"""

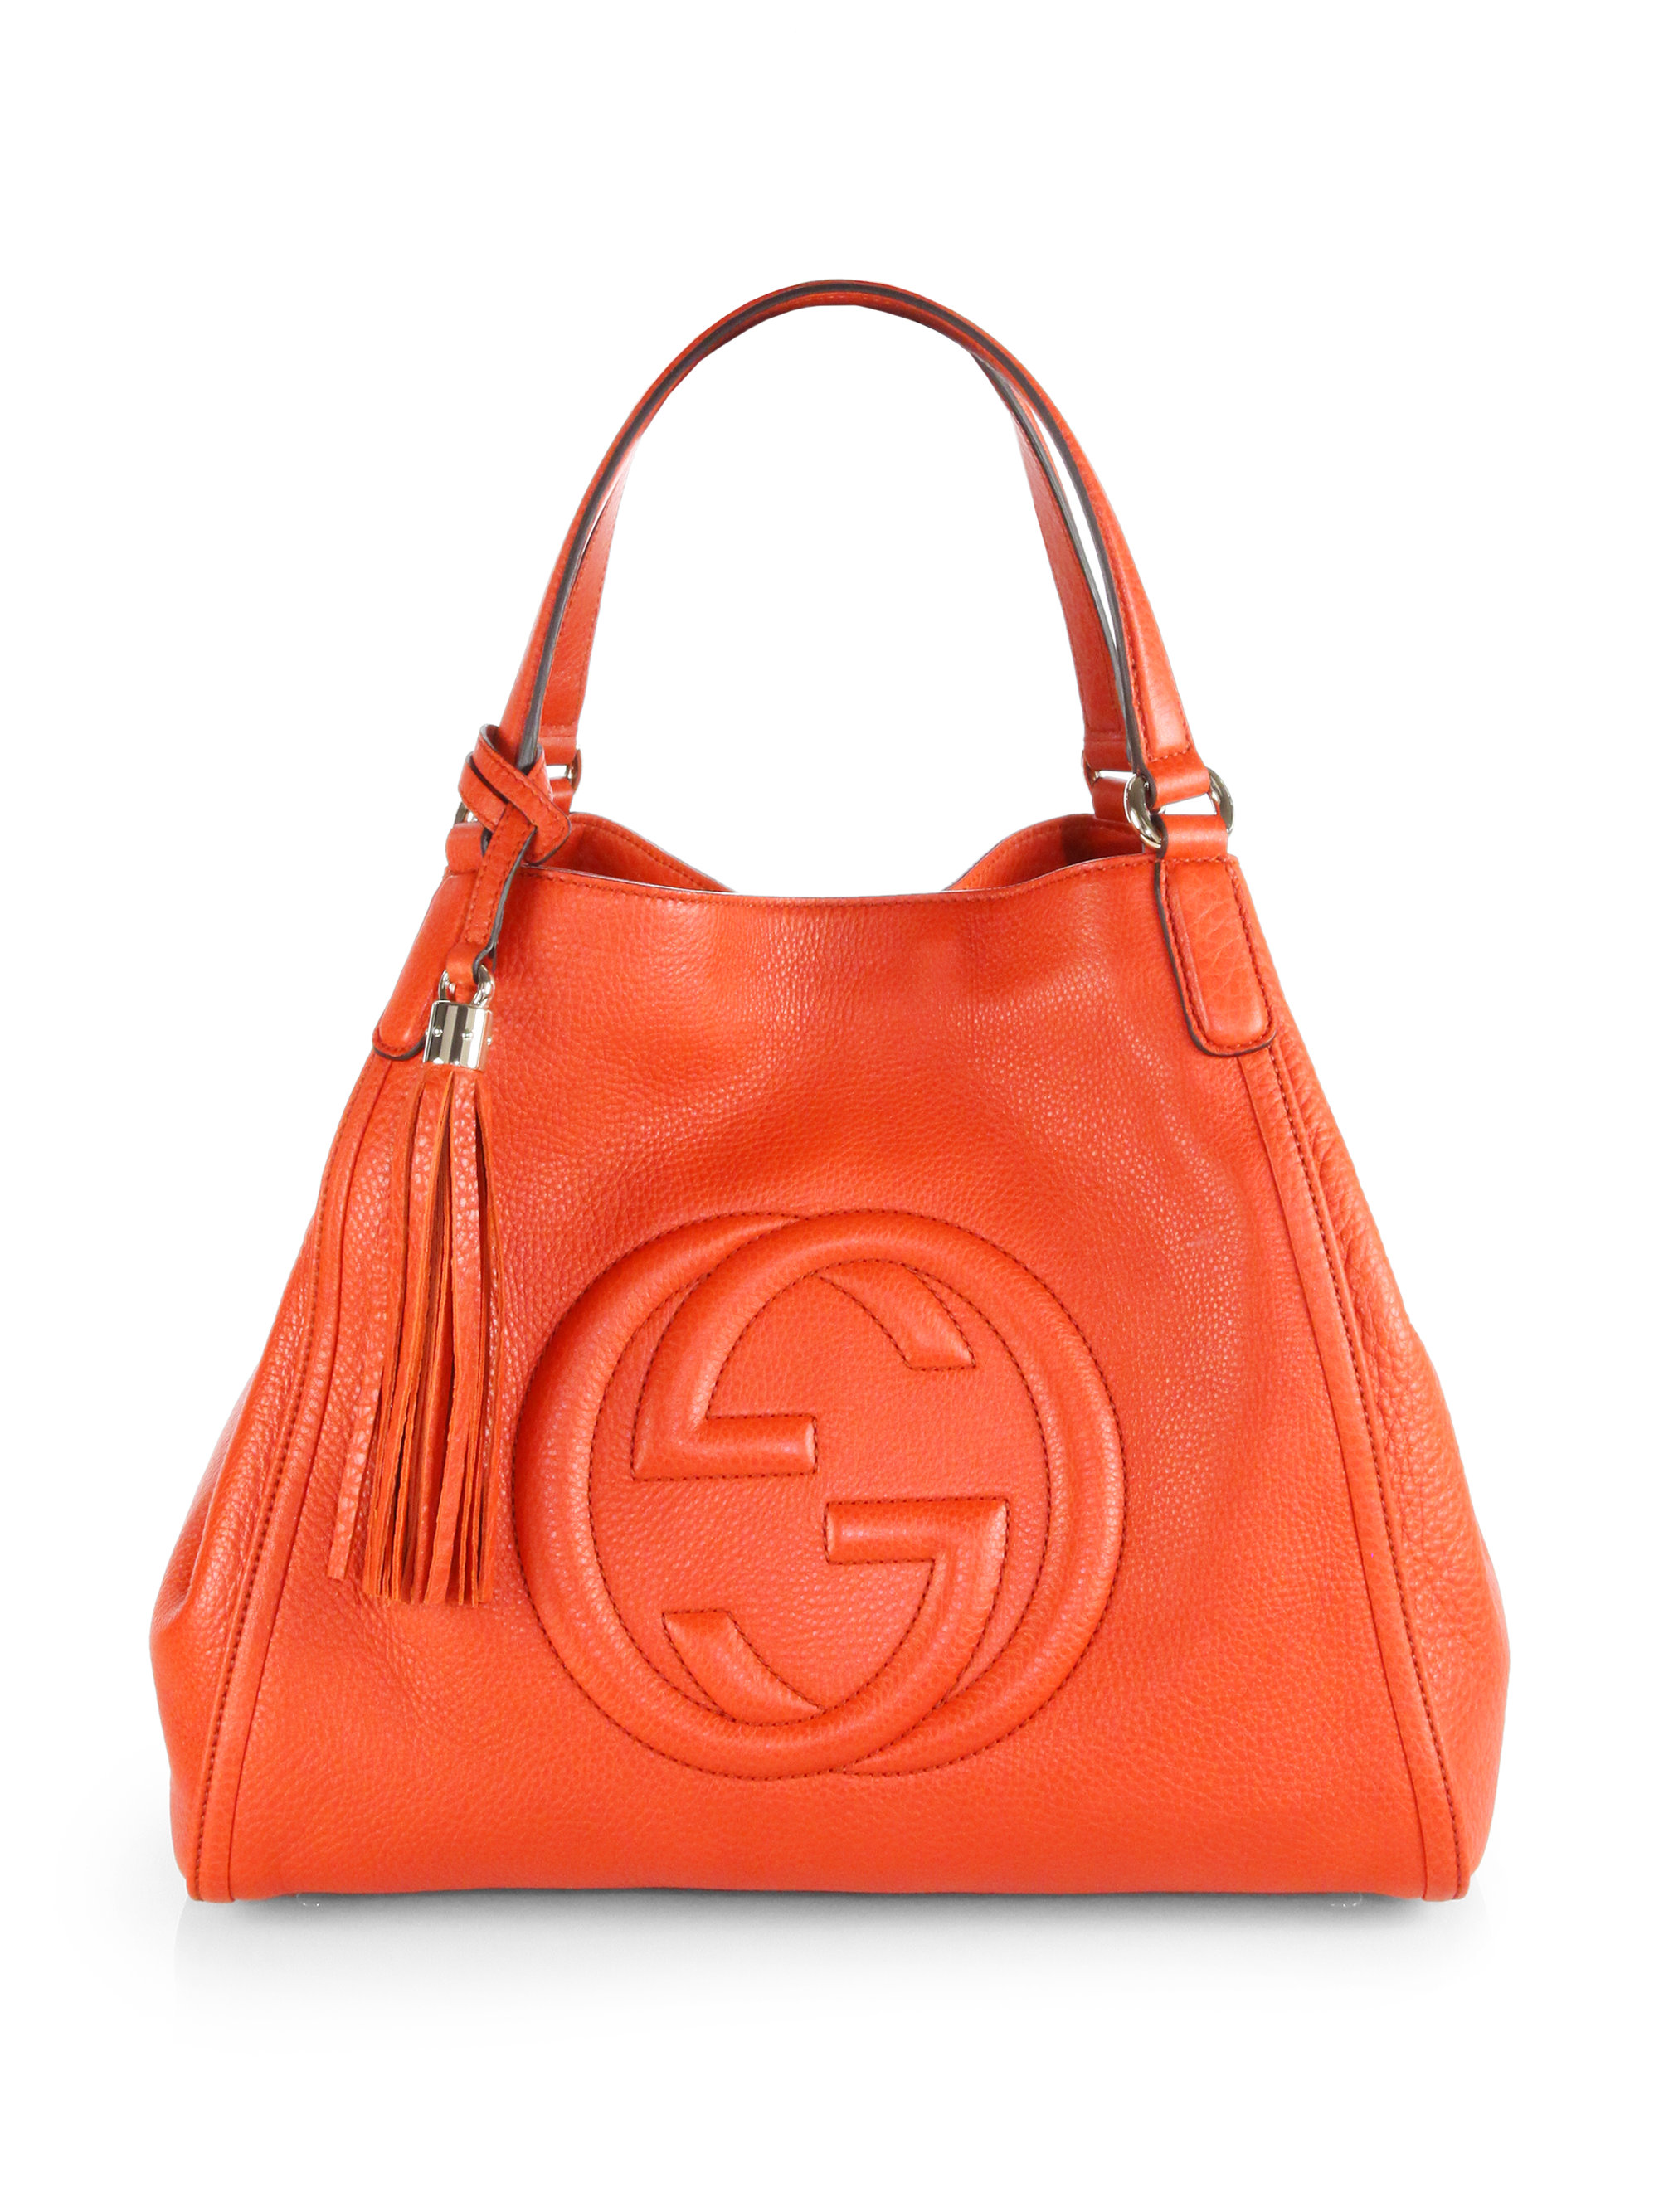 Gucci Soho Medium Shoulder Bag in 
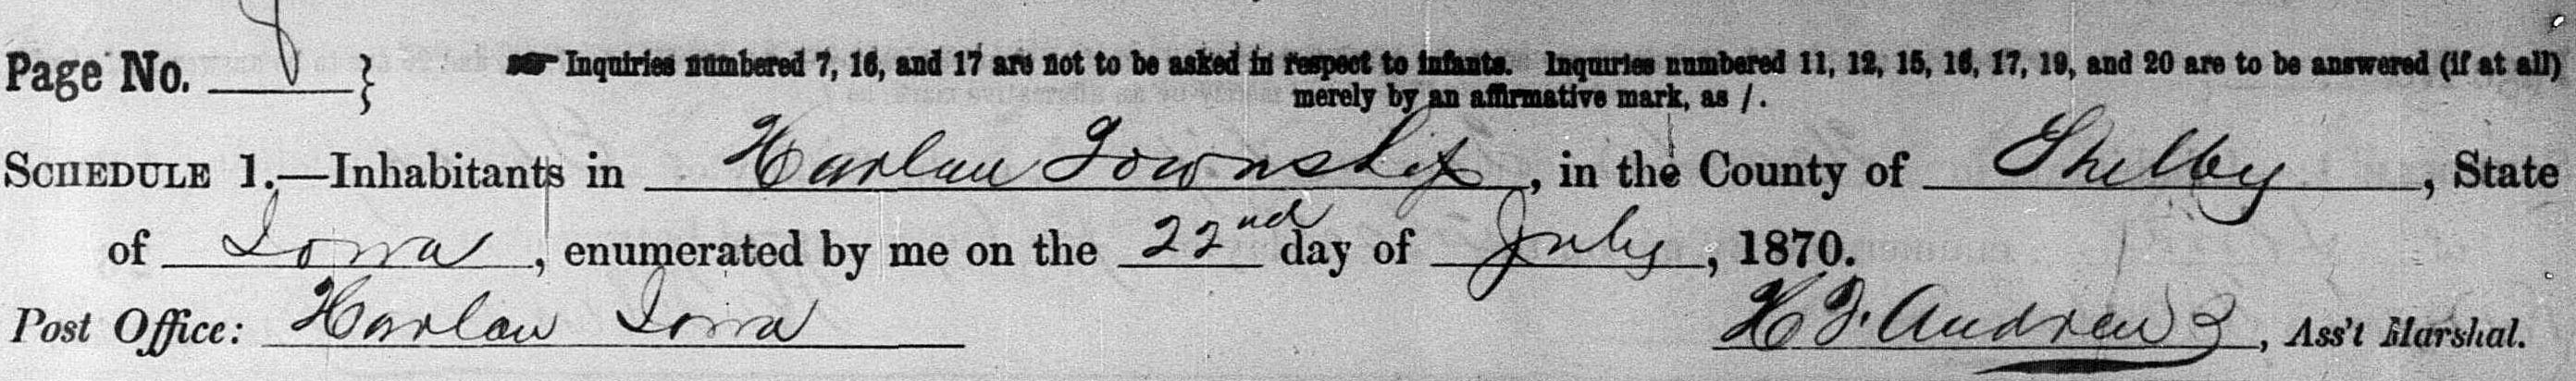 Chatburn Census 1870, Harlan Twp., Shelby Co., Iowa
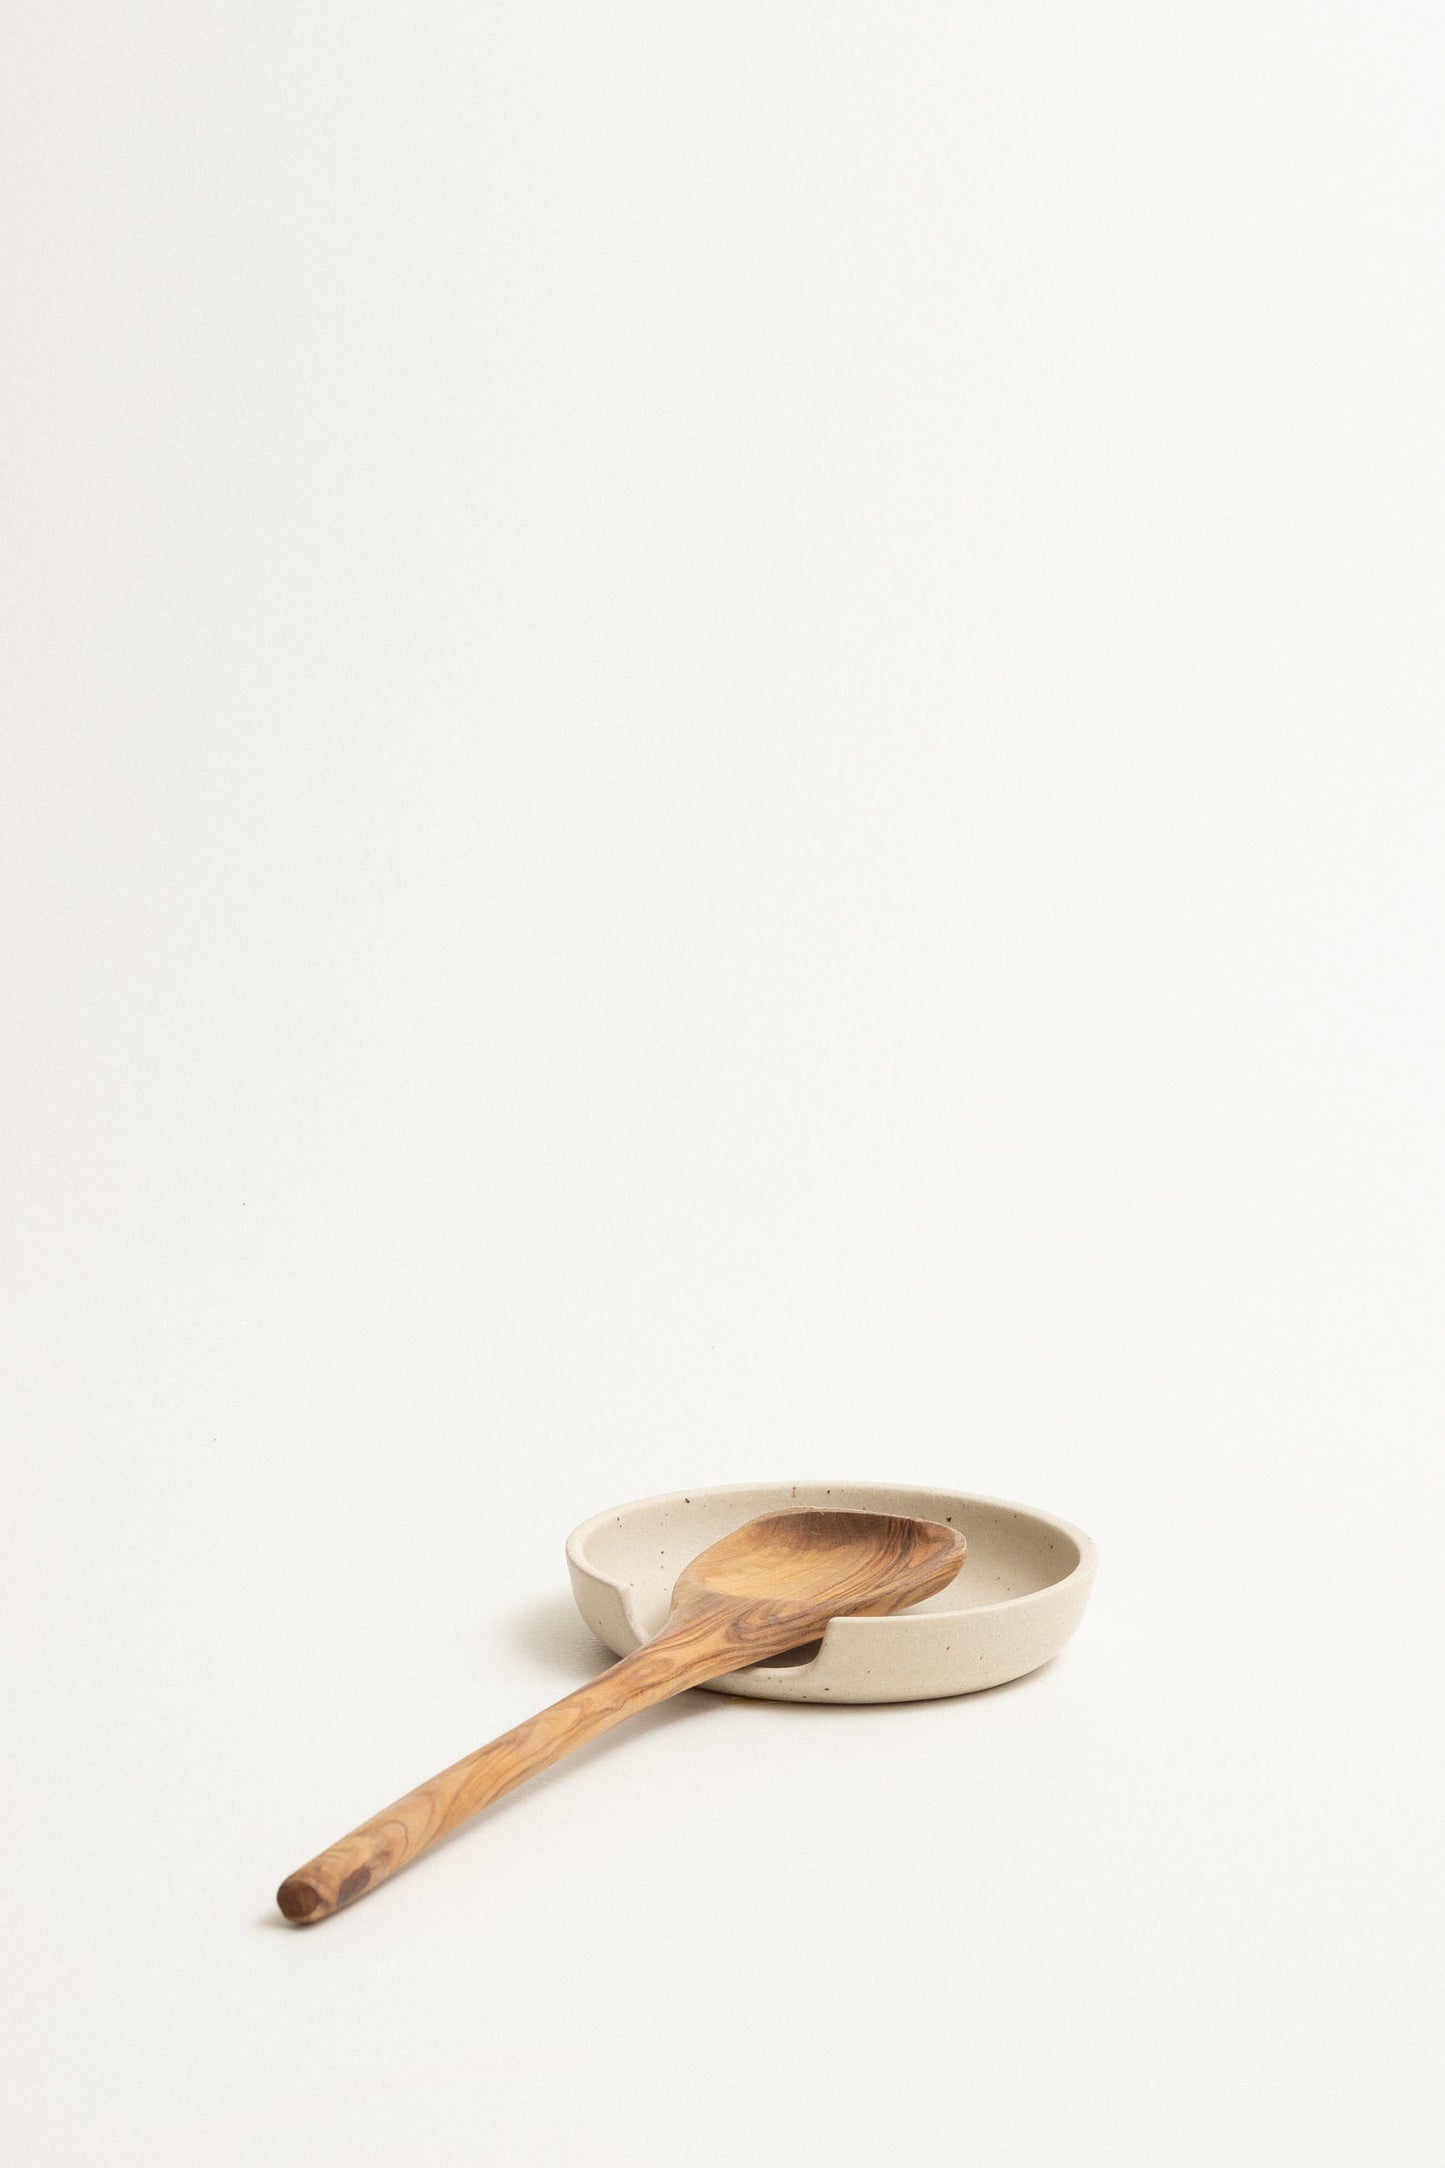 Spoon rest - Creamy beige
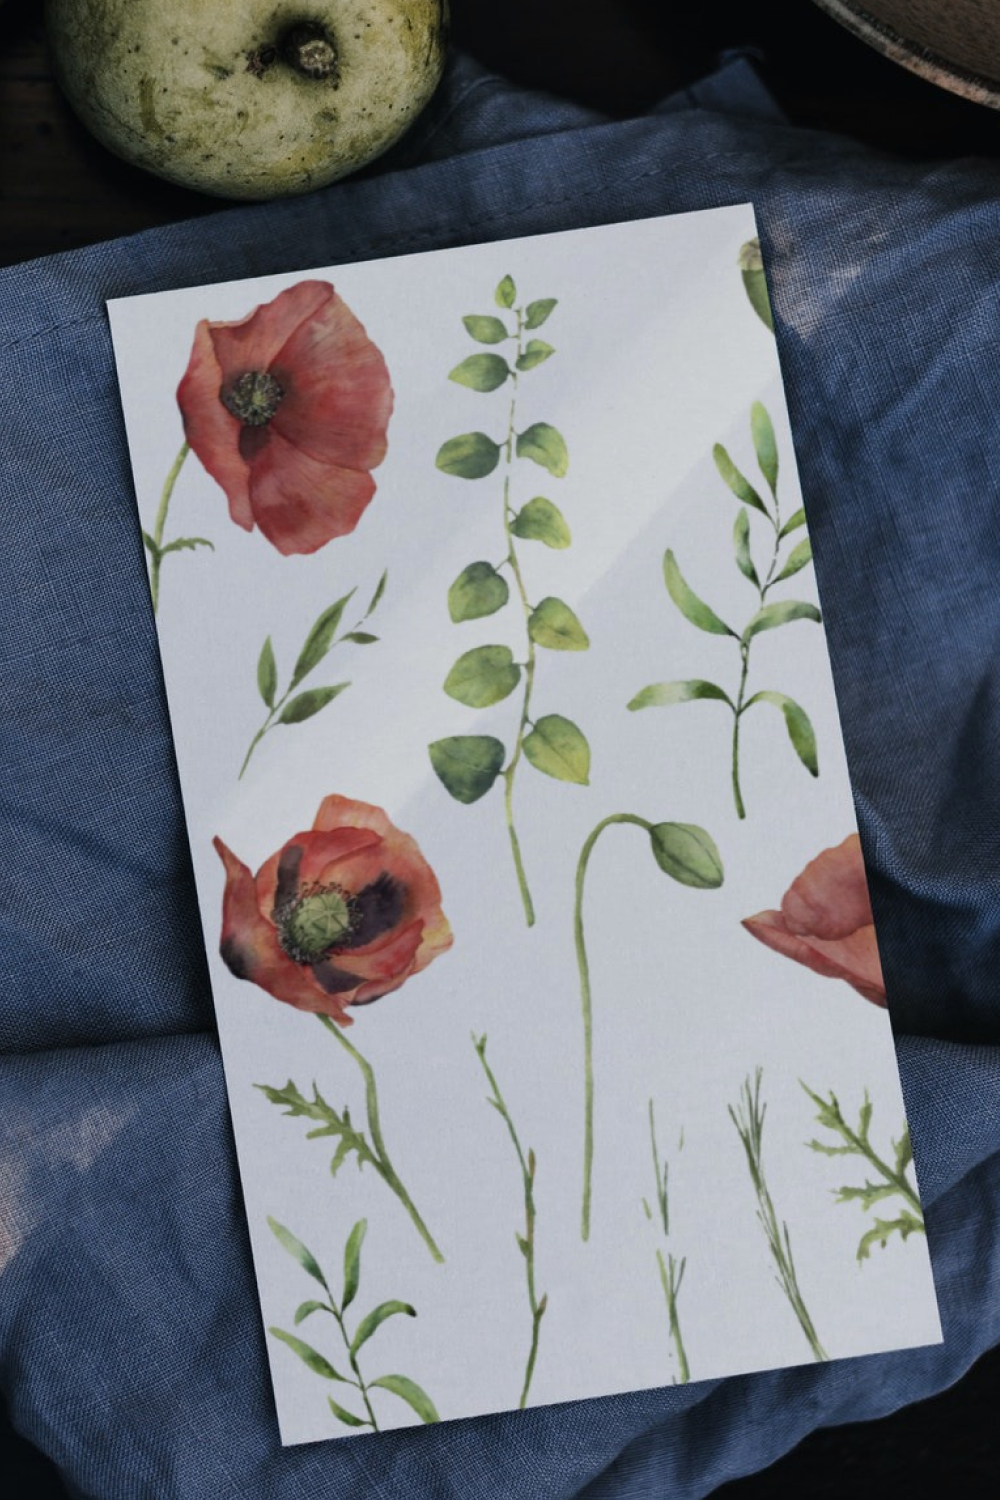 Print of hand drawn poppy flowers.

"""

I'd like the data above duplicated exactly, with no pictures included.

# WRITTEN RESPONSE
 Gucci Soho Medium Shoulder Bag in 
 Chatburn Census 1870, Harlan Twp., Shelby Co., Iowa
 Spoon rest - Creamy beige
 Print of hand drawn poppy flowers.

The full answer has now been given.